250 OK id=1fyJOx-00005o-TE
quit
221 contint1001.wikimedia.org closing connection
2018-09-07 16:14:45 1fyJOx-00005o-TE <= jenkins-bot@wikimedia.org H=[127.0.0.1]:44498 I=[127.0.0.1]:25 P=smtp S=268
2018-09-07 16:14:45 1fyJOx-00005o-TE => hashar@free.fr R=smart_route T=remote_smtp S=282 H=mx1001.wikimedia.org [2620:0:861:3:208:80:154:76] C="250 OK id=1fyJPB-0003lI-FM" DT=0s
2018-09-07 16:14:45 1fyJOx-00005o-TE Completed

And I got an email:

Return-Path: jenkins-bot@wikimedia.org
...
Received: from mx1001.wikimedia.org (mx26-g26.priv.proxad.net [172.20.243.96])
    by zimbra31-e6.priv.proxad.net (Postfix) with ESMTP id 04B4869028C
    for <hashar@free.fr>; Fri,  7 Sep 2018 18:14:46 +0200 (CEST)
Received: from mx1001.wikimedia.org ([208.80.154.76])
    by mx1-g20.free.fr (MXproxy) with ESMTPS for hashar@free.fr
    (version=TLSv1/SSLv3 cipher=AES128-GCM-SHA256 bits=128);
    Fri,  7 Sep 2018 18:14:48 +0200 (CEST) 
DKIM-Signature: v=1; a=rsa-sha256; q=dns/txt; c=relaxed/relaxed; d=wikimedia.org; s=wikimedia;
    h=Date:From:Message-Id:Subject; bh=zROnx6K8MGhfzMeSWd0o0Si3omJfOL01ifiI41RHwuo=;
    b=G77JCUNLBY7WkHzcN/tRTnDeLKMcDbq8G64NvV58a7XbjYznGN1CcesyxVW/ls2cGquCUmcUuNdnq3UsPHnEQxPj8Zp3m1iAQqPdb3JWnGOs68s8Sln4wOXSr6wx4BUme3eyQWh4e3lJsH0VuRC2nLAsMMzU+UNV2IS9DSmfnn4=;
Received: from contint1001.wikimedia.org ([2620:0:861:1:208:80:154:17]:32896)
    by mx1001.wikimedia.org with esmtp (Exim 4.84_2)
    (envelope-from <jenkins-bot@wikimedia.org>)
    id 1fyJPB-0003lI-FM
    for hashar@free.fr; Fri, 07 Sep 2018 16:14:45 +0000
Received: from [127.0.0.1] (port=44498)
    by contint1001.wikimedia.org with smtp (Exim 4.84_2)
    (envelope-from <jenkins-bot@wikimedia.org>)
    id 1fyJOx-00005o-TE
    for hashar@free.fr; Fri, 07 Sep 2018 16:14:45 +0000
Subject: does it work?
Message-Id: <E1fyJPB-0003lI-FM@mx1001.wikimedia.org>
From: jenkins-bot@wikimedia.org
Date: Fri, 07 Sep 2018 16:14:45 +0000
To: undisclosed-recipients:;

That seems all good.

Antoine

So sounds good. Can you poke me on Monday? I will do the configuration update then validate Jenkins is still able to send emails :]

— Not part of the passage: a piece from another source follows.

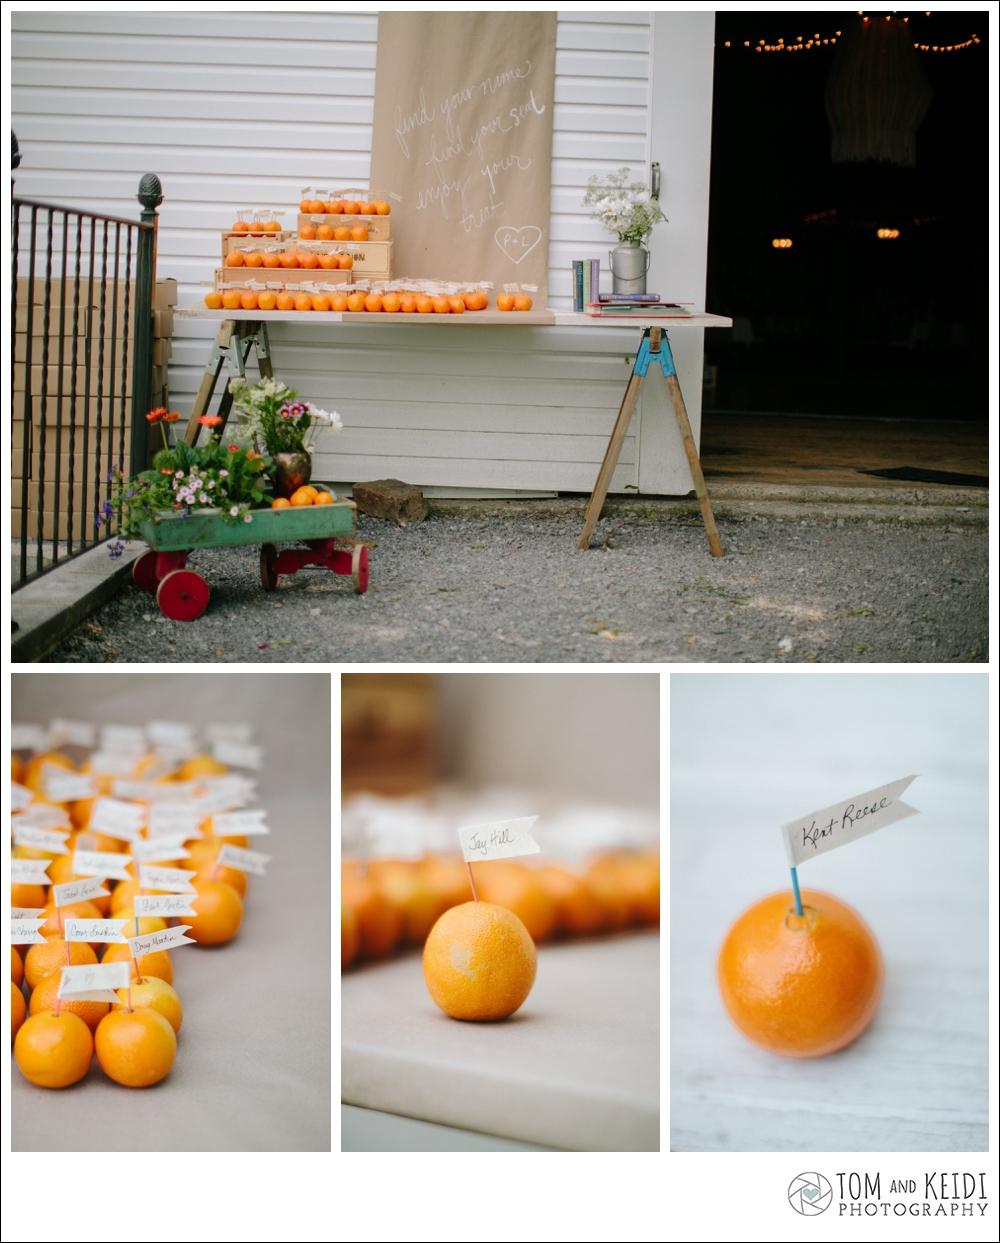 eco friendly place card ideas oranges

Sounds like a plan! Will ping you Monday

Mentioned in SAL (#wikimedia-operations) [2018-09-10T14:26:03Z] <hashar> Switching CI Jenkins mail server from mx1001 to localhost | T203607

Turns out releases1001 / releases2002 Jenkins do not have email configured.

Jenkins on contint1001 sends email through localhost just fine.

contint2001 is a spare server, Jenkins is not configured there.